Lots of households with aspiring musicians have digital pianos. But do modern electronics really allow digital pianos to accurately mimic traditional instruments?
This question is reminiscent of the debate of the physical versus touchscreen as BlackBerry rolled out its BB10 hardware, since the central feature of any piano is its keyboard.
Image courtesy Kawai America Corporation
For any move from the analog realm into digital, you need to take a naturally occurring phenomenon – sound in this case – and convert it to digital bits for convenient storage and communication.
You could build a piano from a system that encompasses a key–hammer–string–transducer. In a real piano, the transducer is in the listener's ear. For digital, the instrument requires a little something extra. How do you convert the motion of a vibrating string into the digital domain?
One option is strain measurement, perhaps using a piezoelectric component. Crystal strain would be converted to a voltage signal. Another approach would be to use the now ubiquitous microelectromechanical system ( MEMS ).

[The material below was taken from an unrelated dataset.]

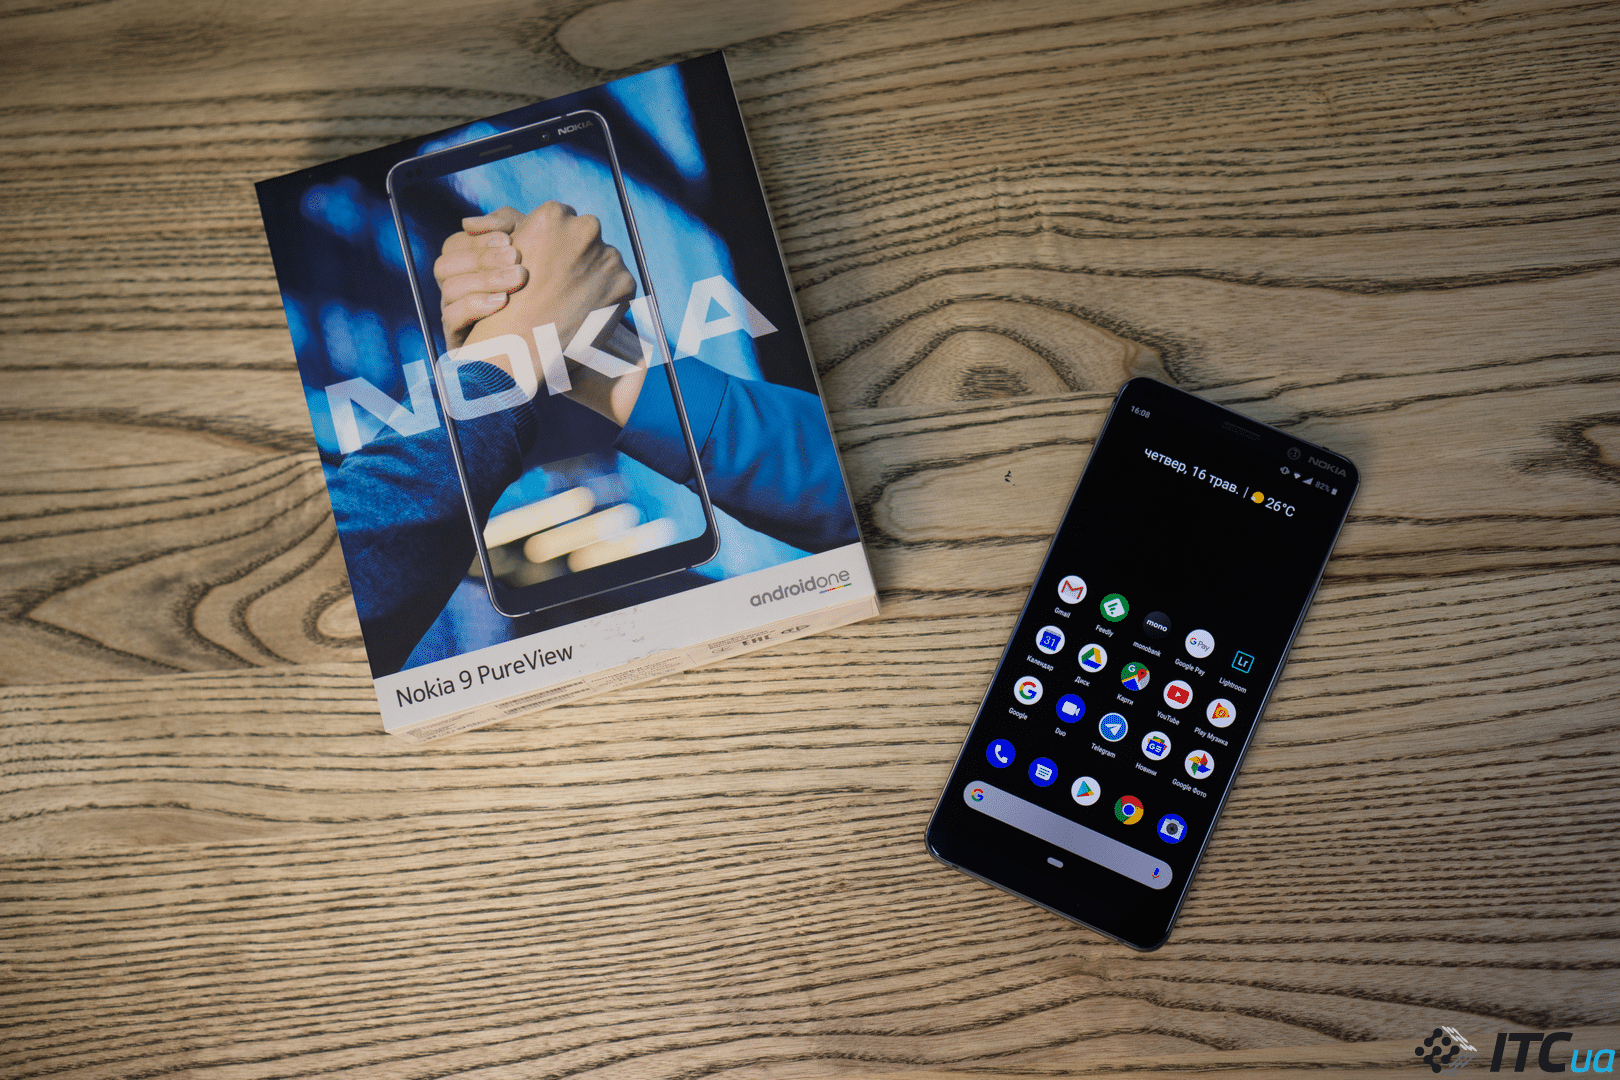 Nokia 9 design

Among myriad other uses, MEMS devices are ubiquitous in cell phones and tablet computers. But they can do a lot more than detect screen orientation. A MEMS component would provide a sensitive and accurate interface from the vibrating piano string to the electronic system.
In very simple terms, the MEMS device used in the top digital pianos is an accelerometer. Special semiconductor processing is used to create a chip with a series of free polysilicon fingers interdigitated with a series of corresponding fixed fingers.
Movement of the device causes the polysilicon fingers to move with respect to each other, causing capacitance changes between electrical terminals attached to one sides' stationary fingers and the moving fingers. These small capacitance changes are multiplied by the use of a large number or interdigitated fingers that create voltage signals sufficient to detect very subtle movements.
But converting the piano string adds unnecessary complexity and cost to the digital piano. Instead, the typical digital piano plays audio samples recorded from real world instruments. In addition to reducing the system complexity, the use of pre-recorded digital samples allows the manufacturer to record the best sounding physical instruments available.
That gets us one more step along the path to creating the digital instrument. Eliminating the piano strings and using a Steinway sound sample still leaves a huge gap for creating an instrument that will appeal to discerning pianists.
Far more than the BlackBerry Q10 user, the serious pianist needs a keyboard with the right feel. They also need the instrument to respond to subtle changes in input.
To create a digital instrument on par with a top-quality analog piano, the designers focus on the structure of the key and hammer mechanism. Although there are no strings to strike, the best feel is offered by a key connected to a hammer that is similar to what the finest grand pianos provide.
That's why leading digital piano keyboard designs still incorporate hammers. This not only creates a similar weighting and feel, but also creates the quiet percussive sounds that a professional pianist feels and hears (even if the audience doesn't) when playing the most expensive concert grand pianos.
Here is where MEMS devices make another appearance. The MEMS device attached to the key and hammer unit readily detects a wide range of key strikes. Through the use of high-quality electronics, the digital piano interprets anything from pianissimo to triple forte.
Like many of our modern digital items, the digital piano offers unparalleled convenience that makes it easy to overlook a reduction in sound quality. Although the best-engineered digital pianos come very close to the musical experience of expensive fully strung instruments, they can be far more portable, never need retuning, and the sound quality is unaffected by temperature or humidity. That's not to mention the other standard of nearly every digital device. Digitals are a fraction of the cost.
So MEMS sensors really can create a digital instrument capable of taking an expert pianist's interpretation of anything from the softest passages of Chopinto the wildest hammering of Beethoven.